WHAT TO DO - Restate all entries exactly. Skip the images.

----- DATA FOR THIS TASK

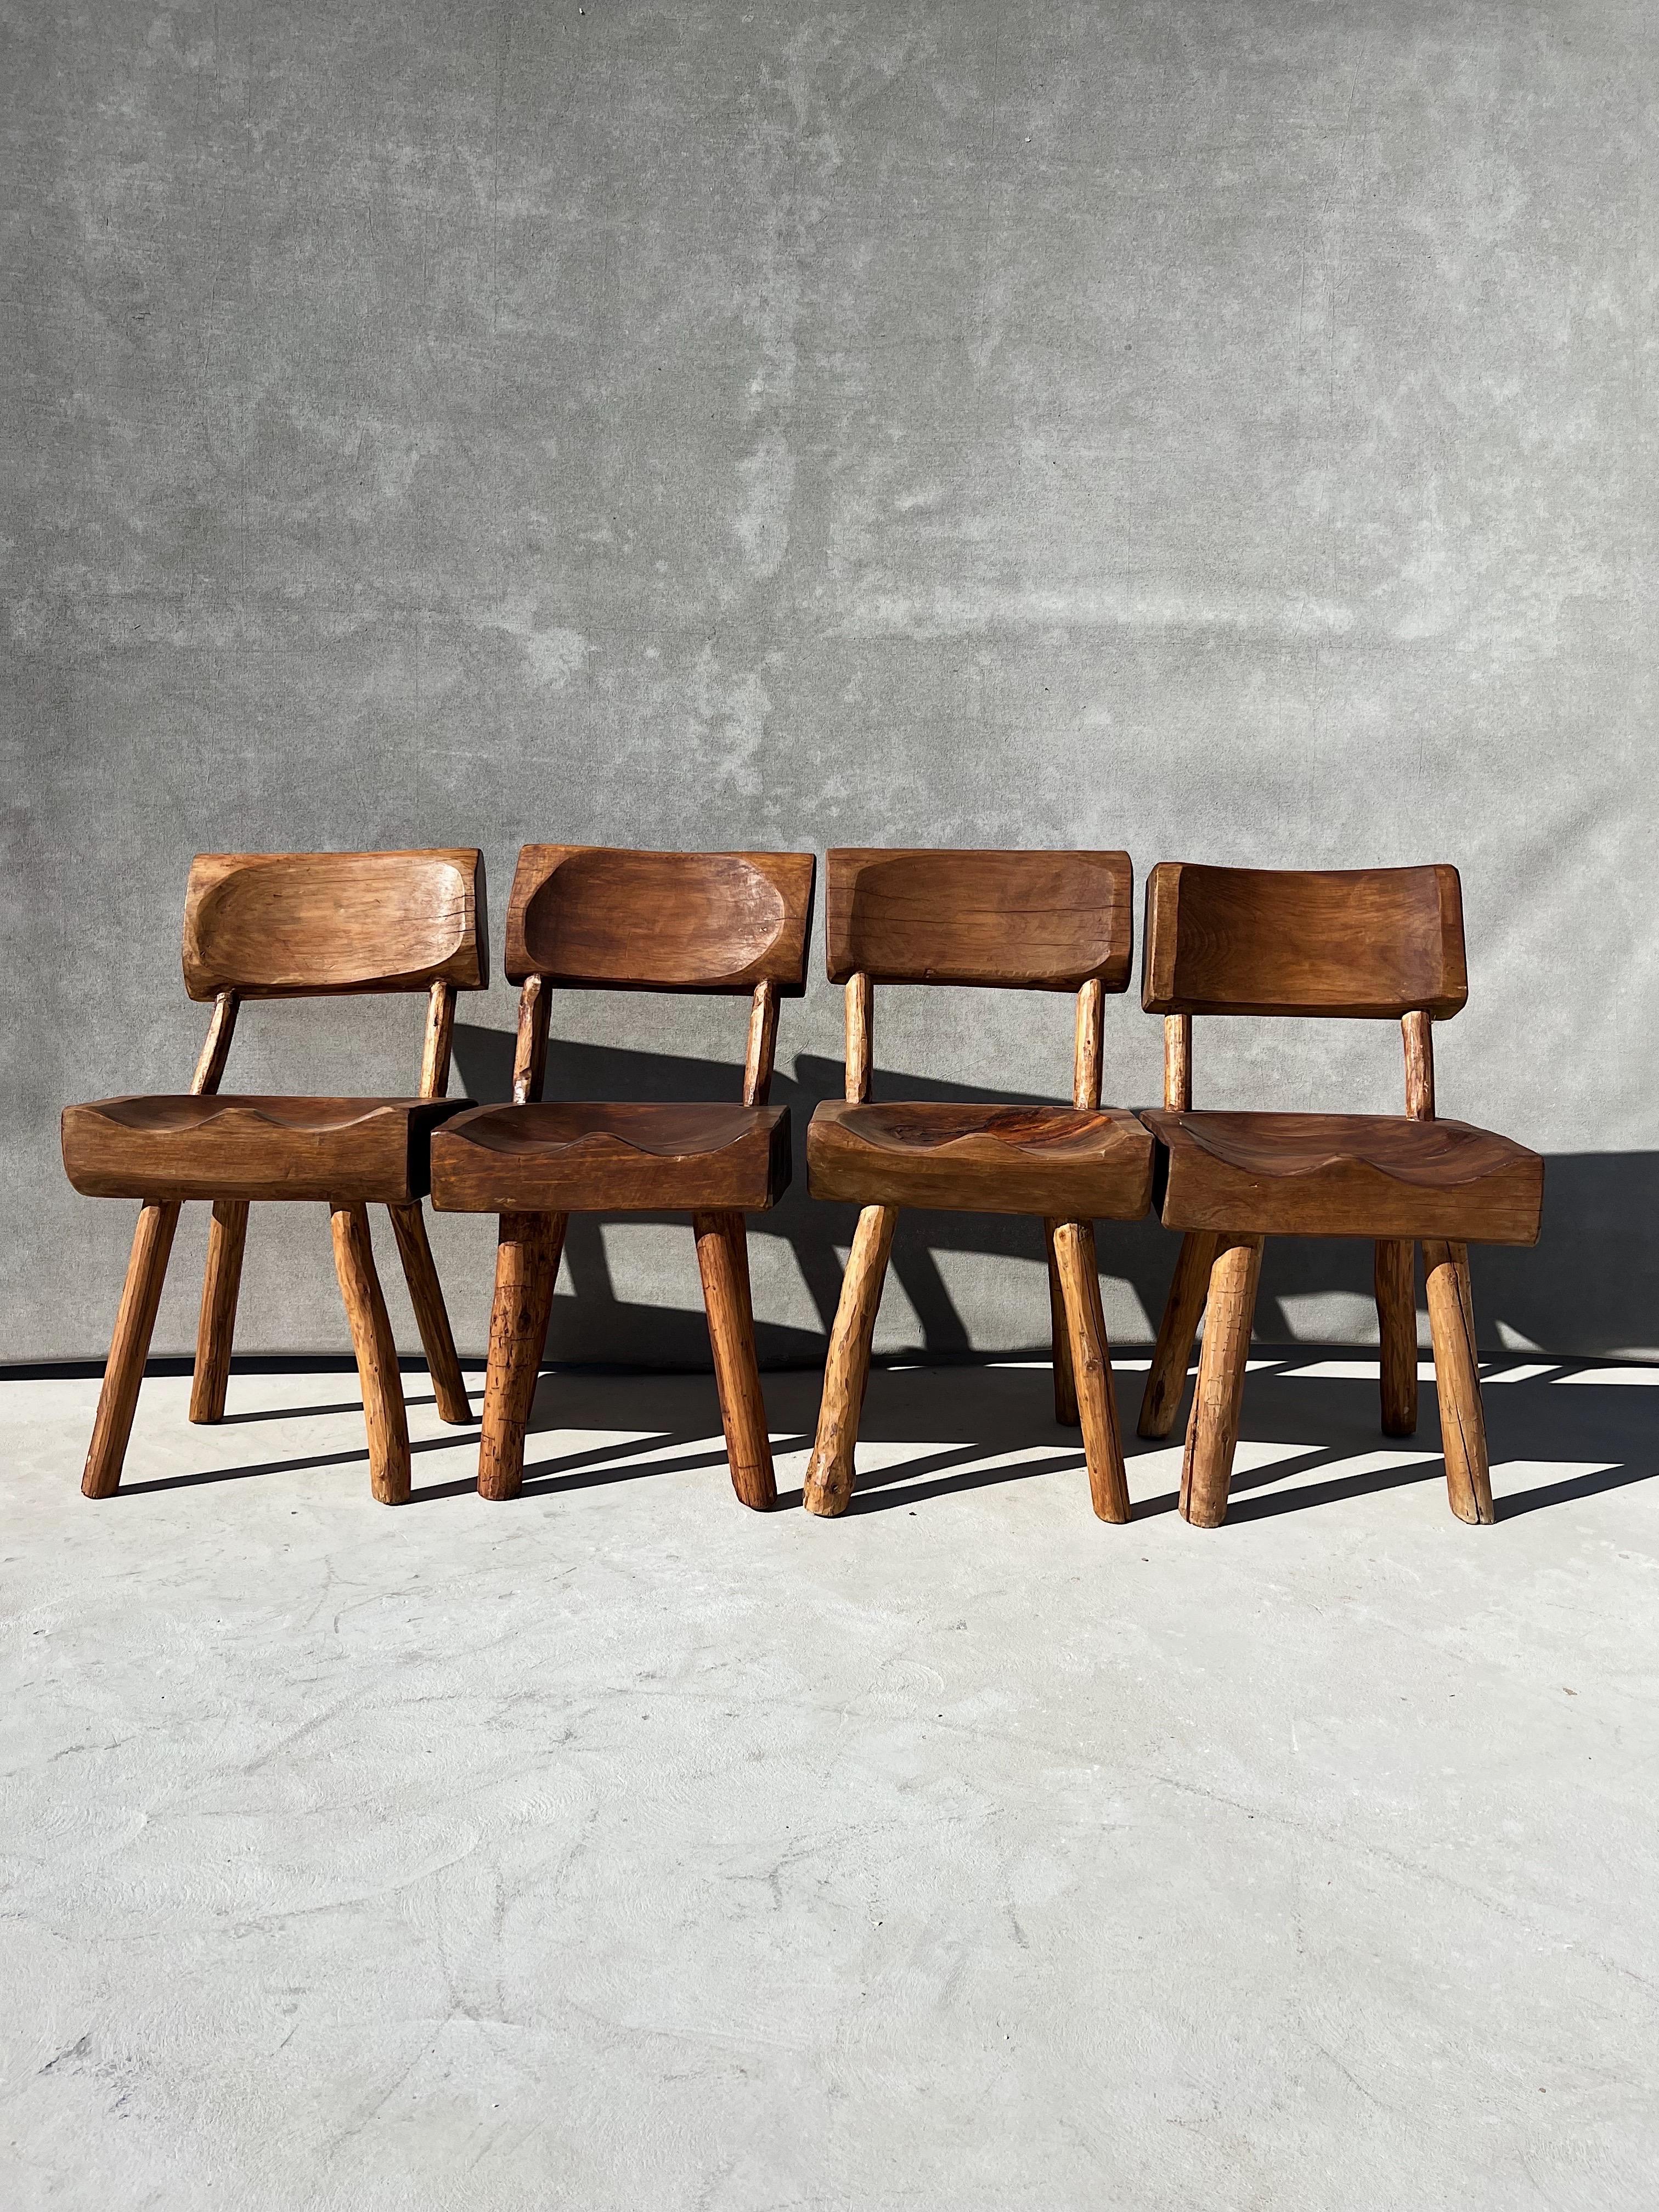 Vintage Wabi-Sabi Artisanal Wood Dining Chairs 

A set of 8 artisanal made dining chairs (16 chairs available), hand-carved from thick slabs of wood 

Showcasing excellent craftsmanship and a unique one of a kind style 

A brutalist primitive
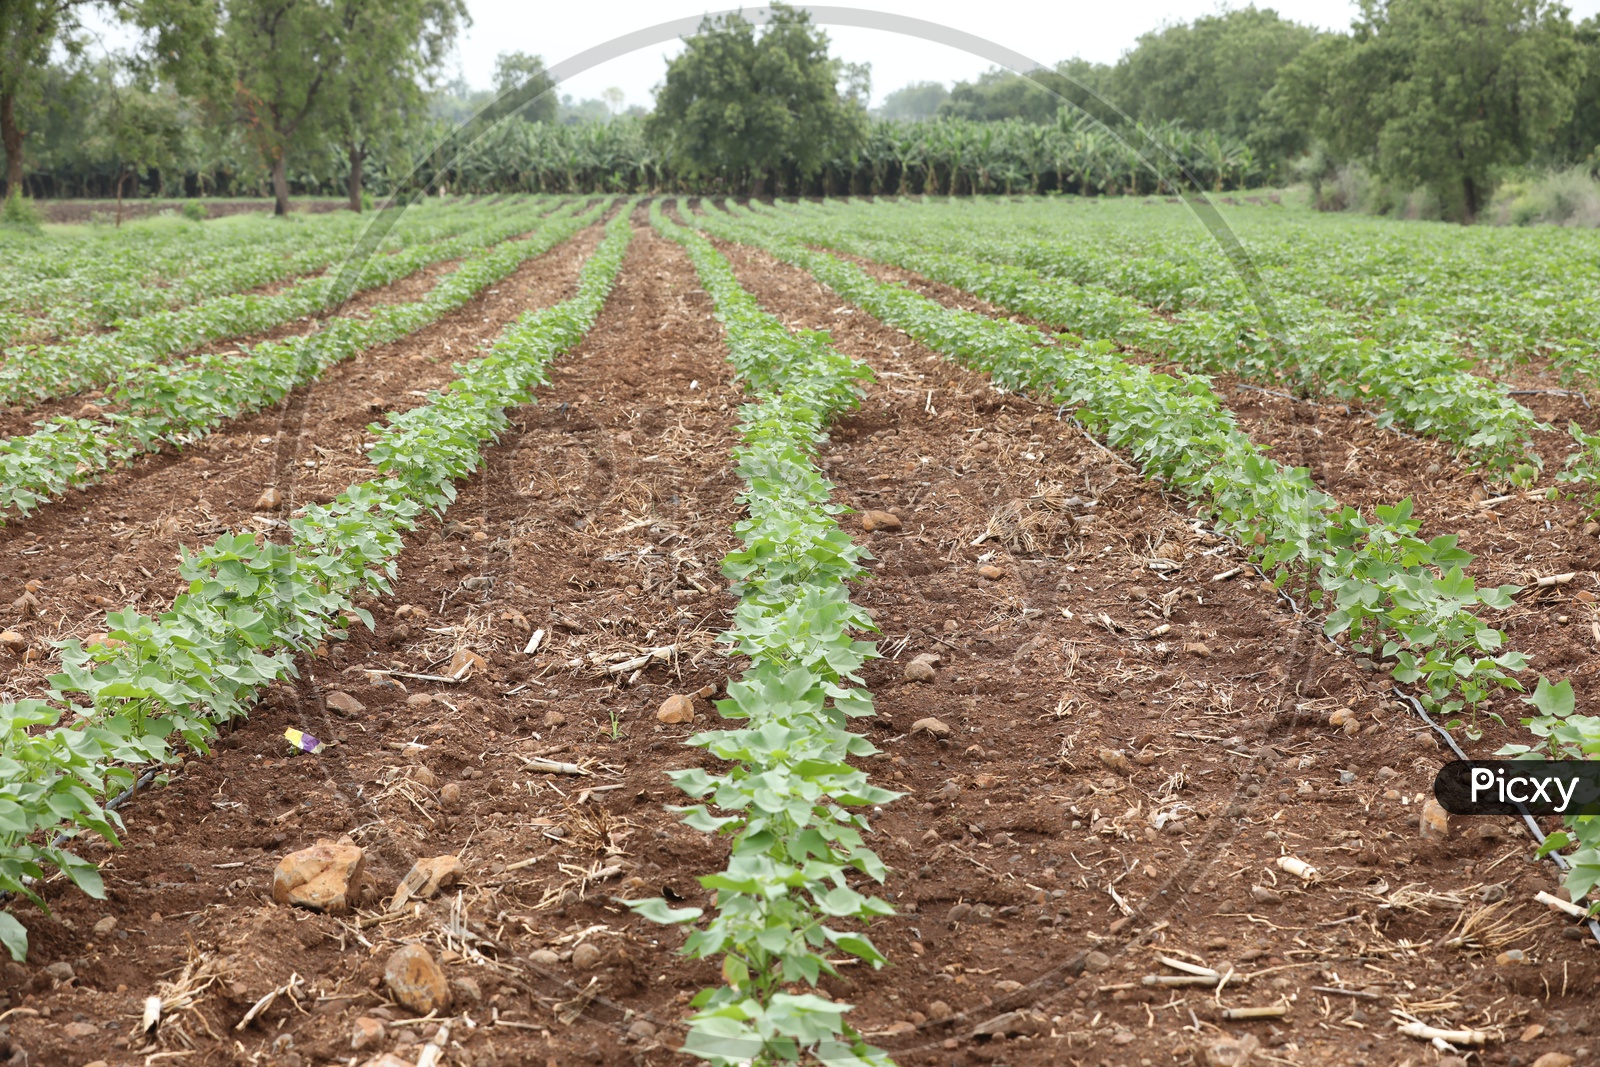 Cotton Crop Field / Cotton Plants in a Neat Rows Presentation
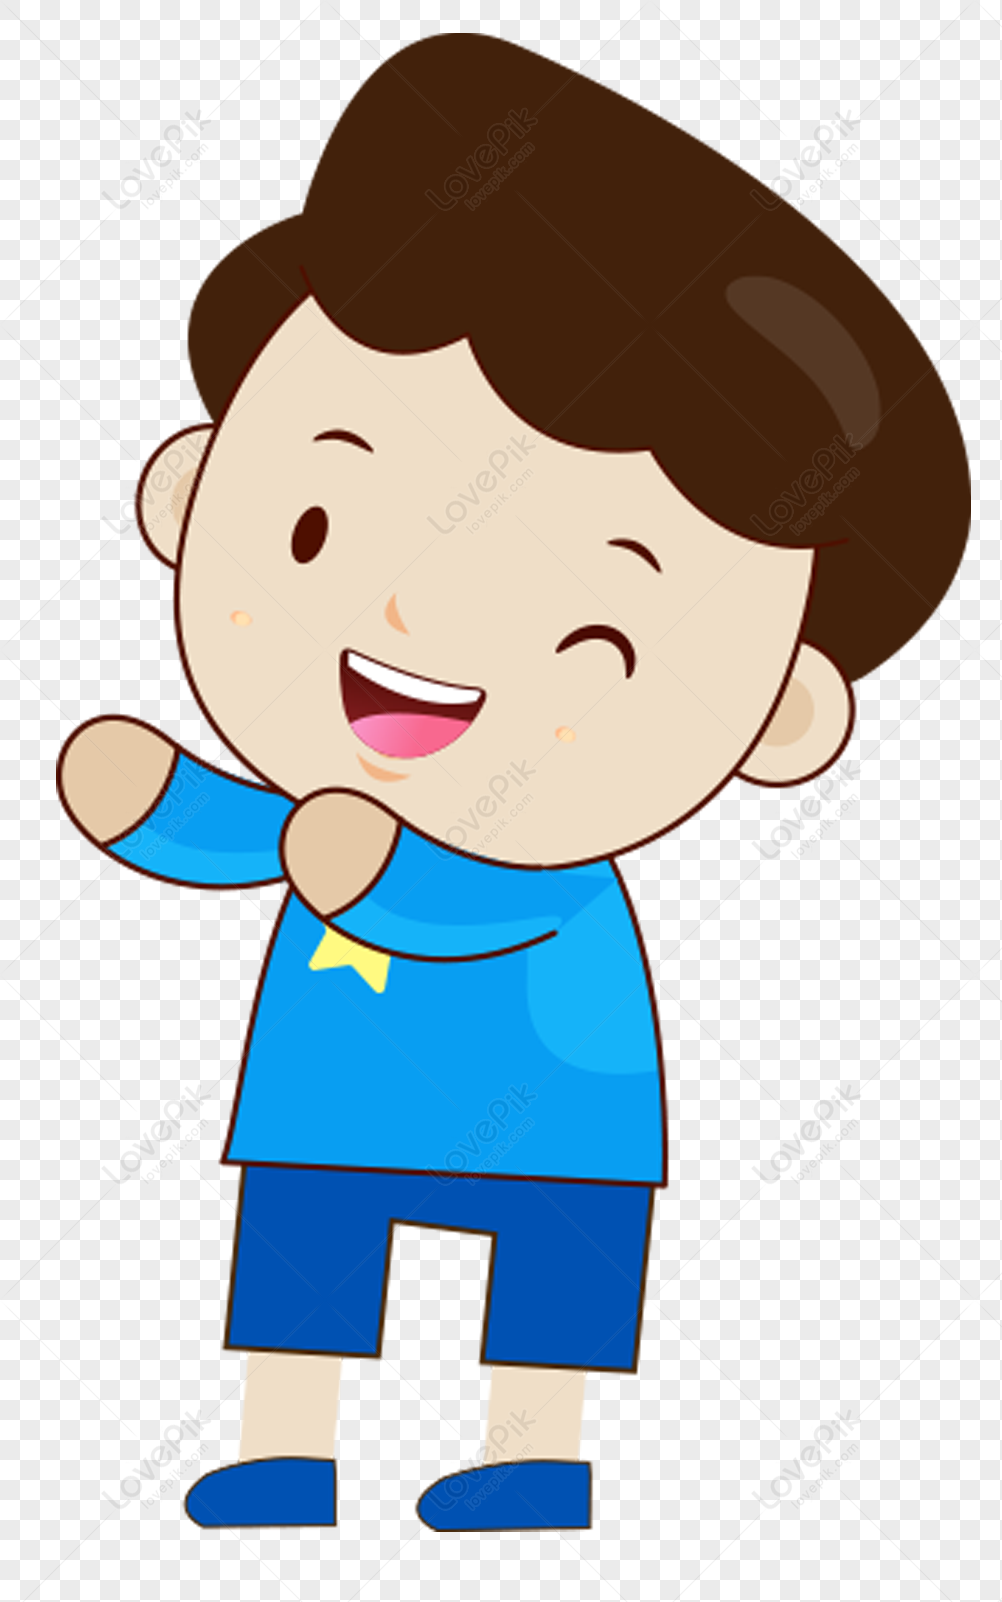 Cartoon Holds The Boy In His Arms PNG Transparent And Clipart Image For  Free Download - Lovepik | 400325456

----------

OUTPUT -
 Vintage Wabi-Sabi Artisanal Wood Dining Chairs 

A set of 8 artisanal made dining chairs (16 chairs available), hand-carved from thick slabs of wood 

Showcasing excellent craftsmanship and a unique one of a kind style 

A brutalist primitive
 Cotton Crop Field / Cotton Plants in a Neat Rows Presentation
 Cartoon Holds The Boy In His Arms PNG Transparent And Clipart Image For  Free Download - Lovepik | 400325456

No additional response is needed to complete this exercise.